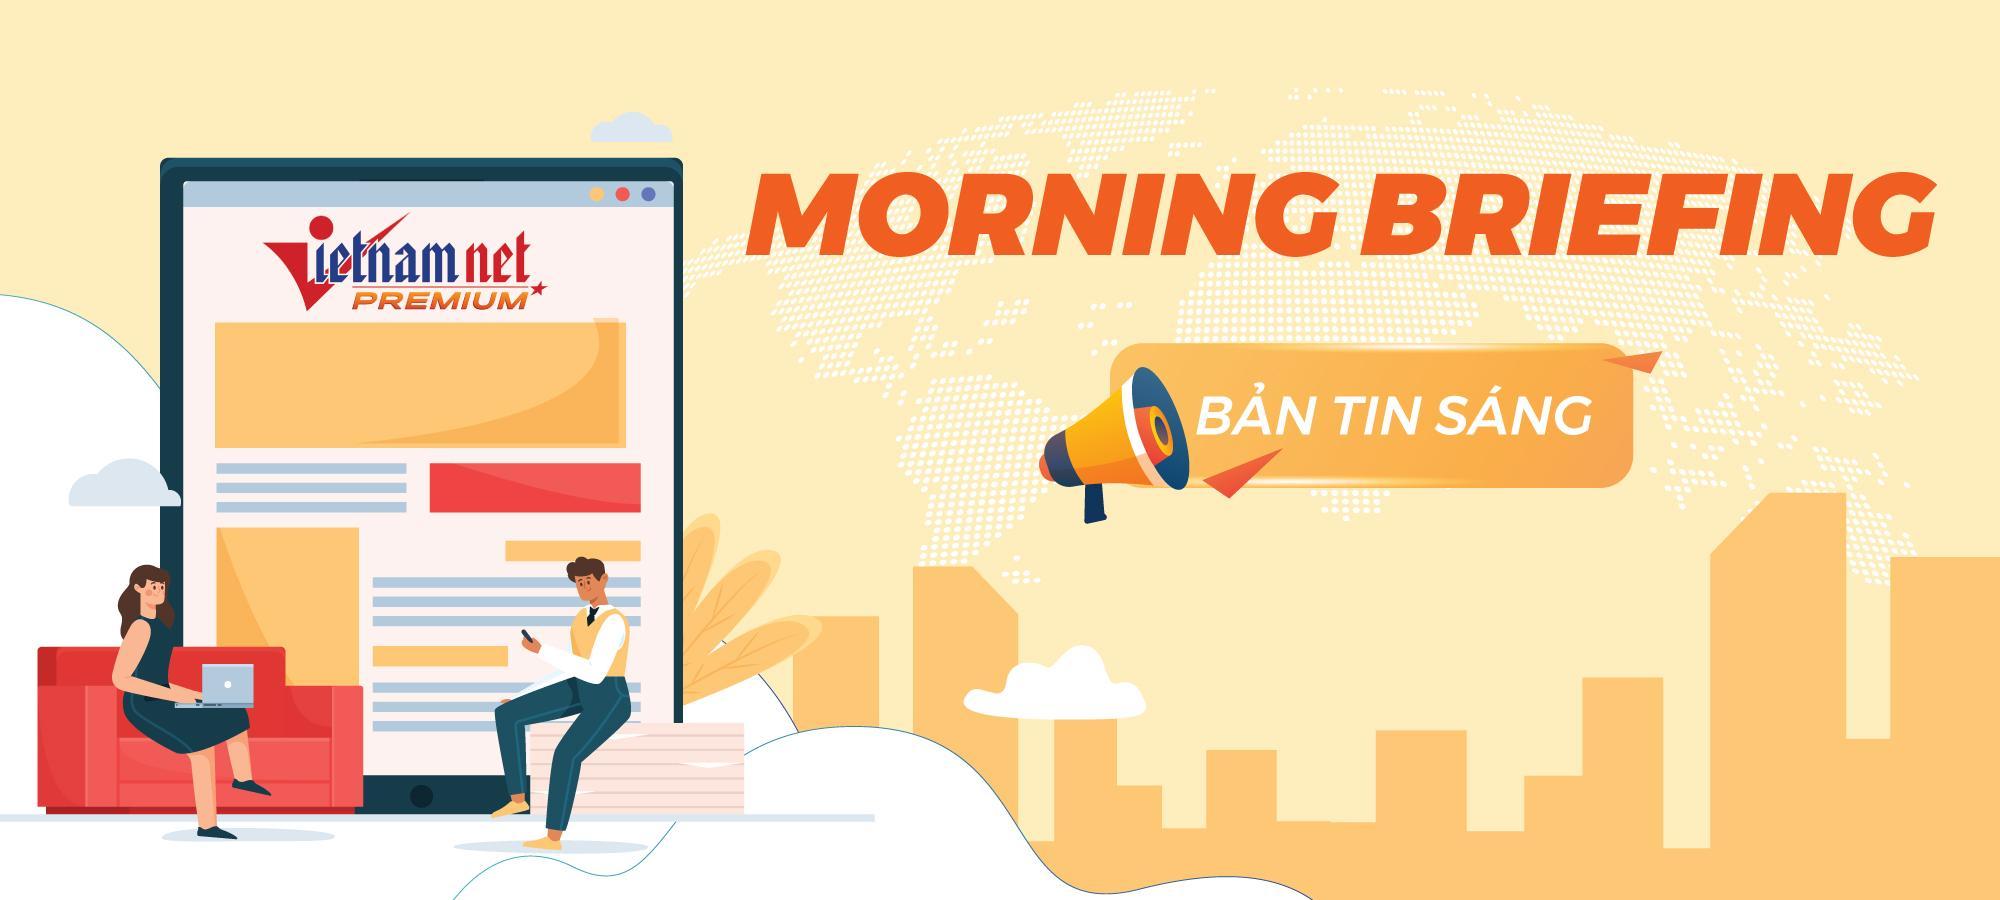 Bản tin sáng VietNamNet (27/09/2021)
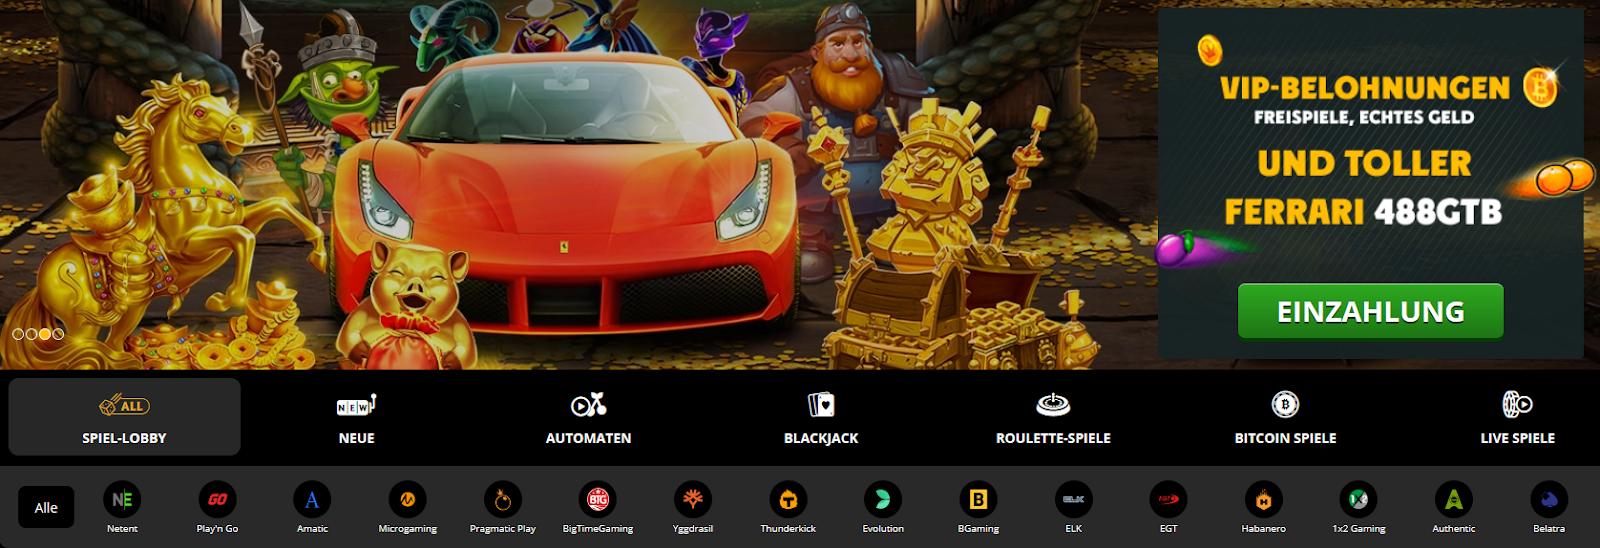 perfekter stil und design - playamo online casino.
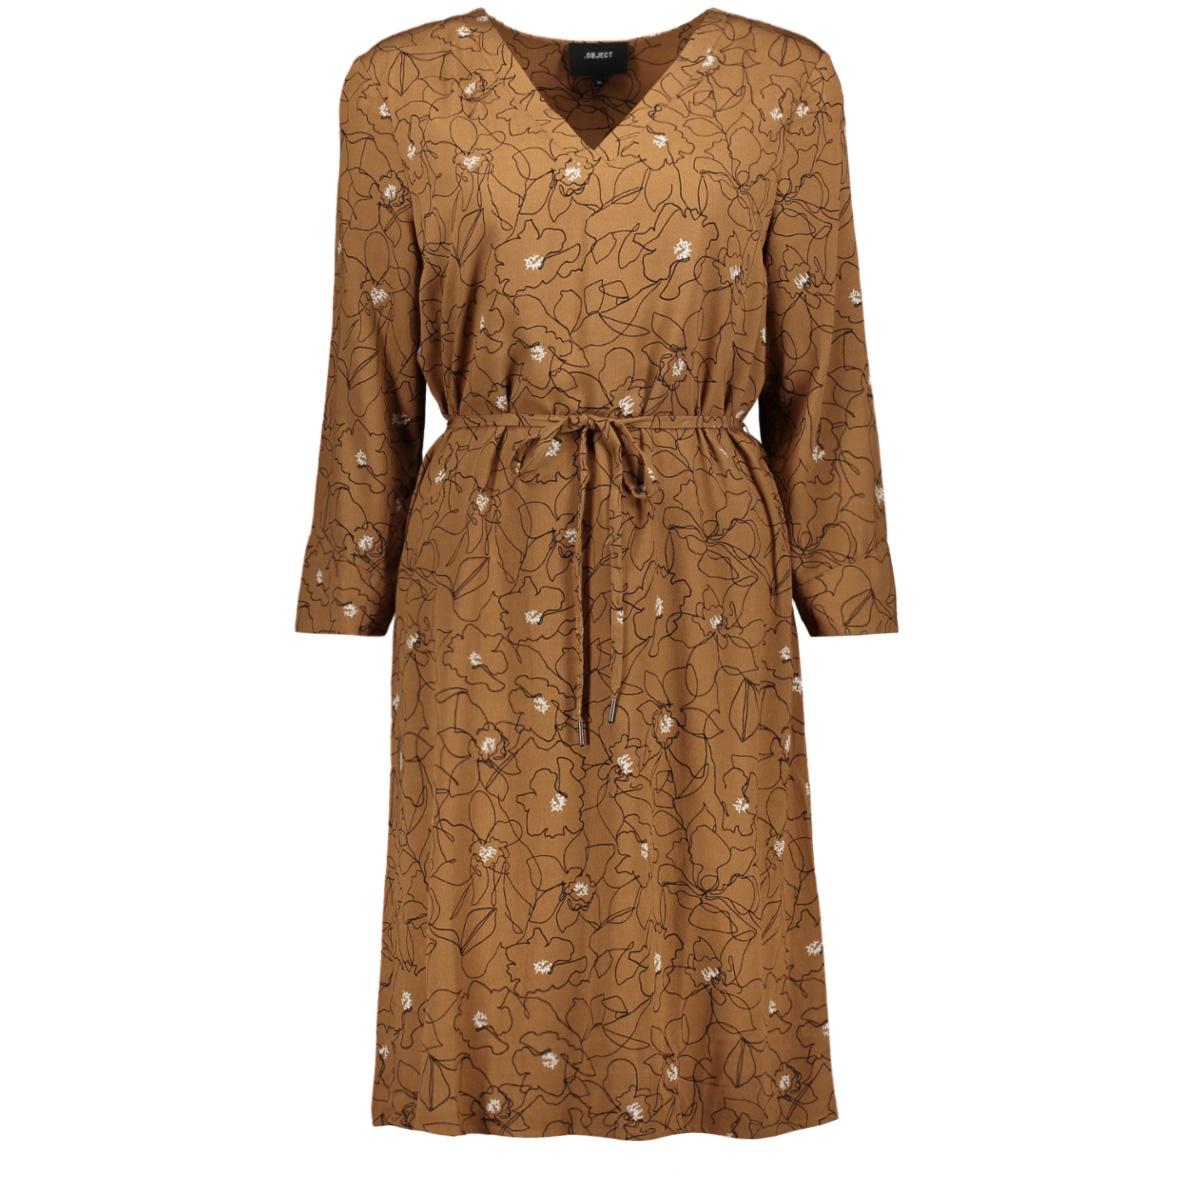 objbay 3/4 dress aop seasonal 23029368 object jurk chipmunk/graphic fl
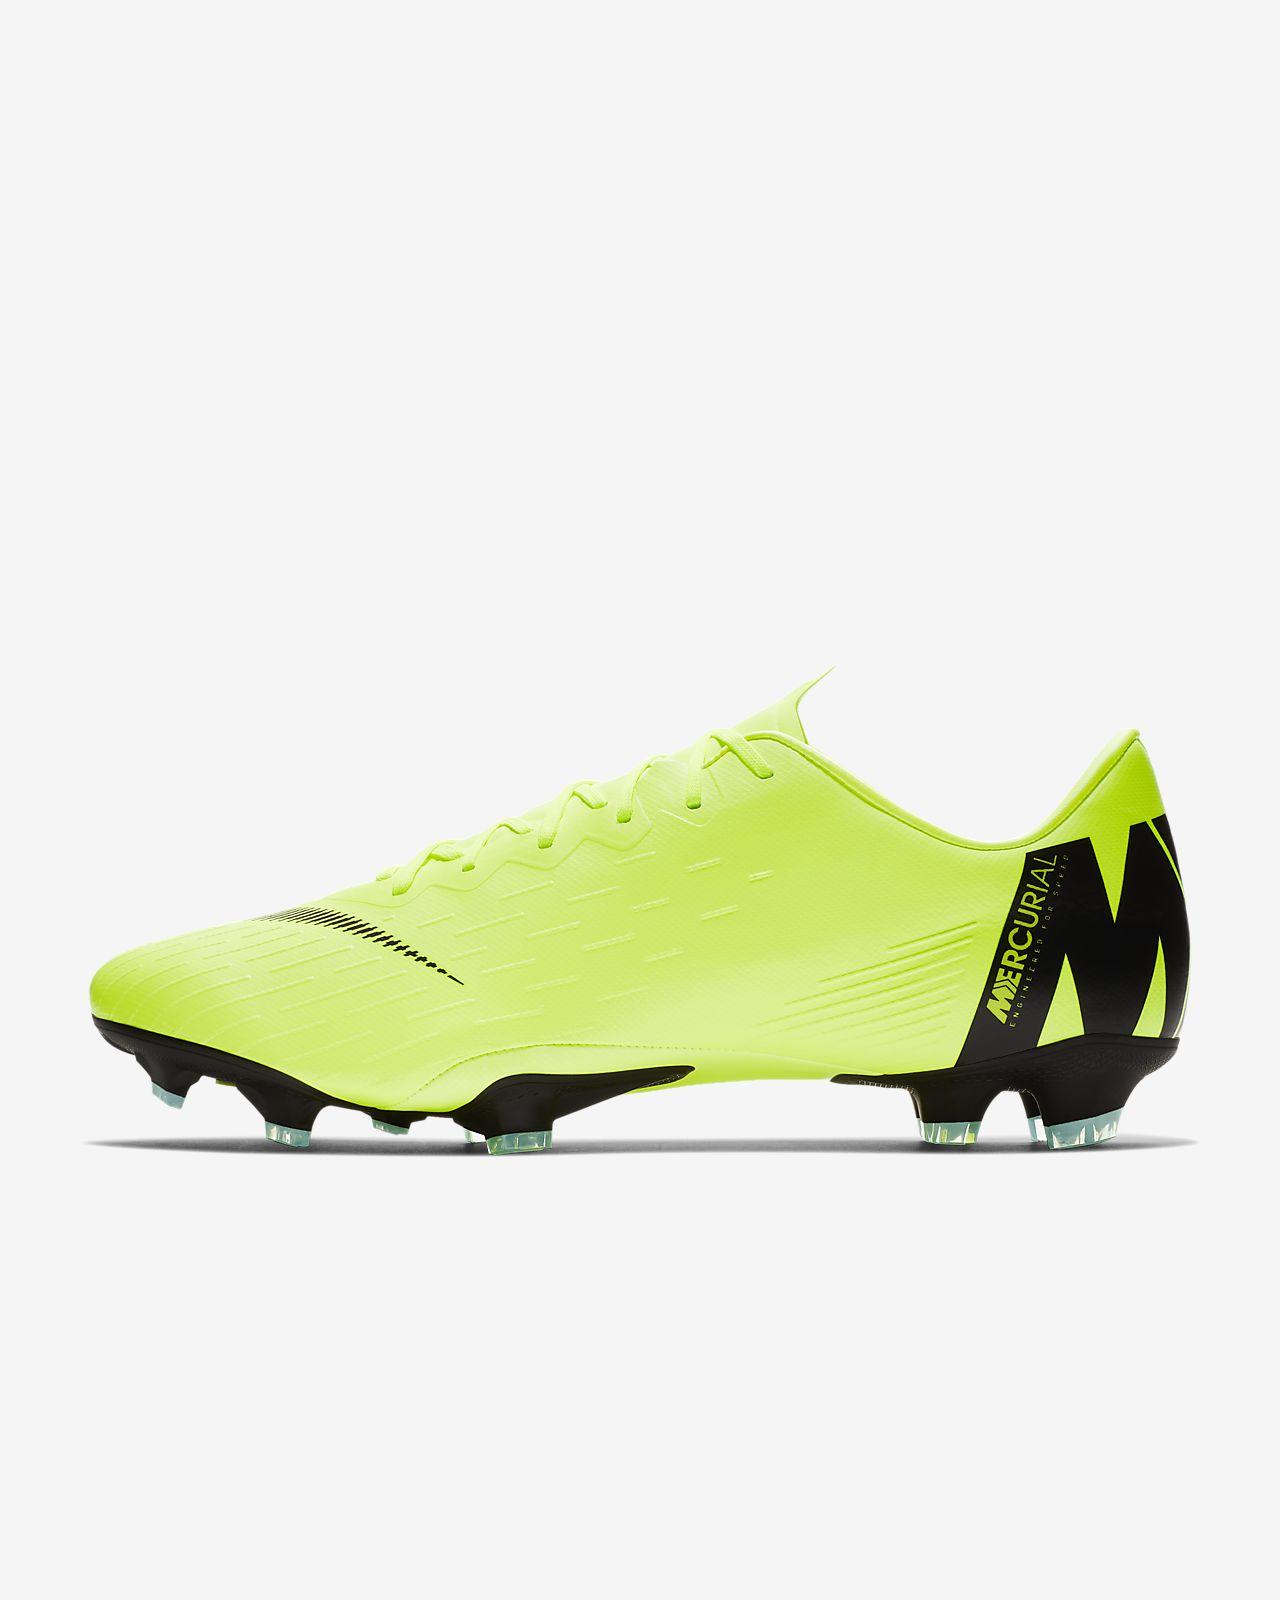 7704770e405 ... inexpensive nike mercurial vapor xii pro botas de fútbol para terreno  firme 44e37 68c39

Aim of the task: Write out the data above precisely. Pictures stay out.

Result for this exercise:
 Bản tin sáng VietNamNet (27/09/2021)
 perfekter stil und design - playamo online casino.
 objbay 3/4 dress aop seasonal 23029368 object jurk chipmunk/graphic fl
 7704770e405 ... inexpensive nike mercurial vapor xii pro botas de fútbol para terreno  firme 44e37 68c39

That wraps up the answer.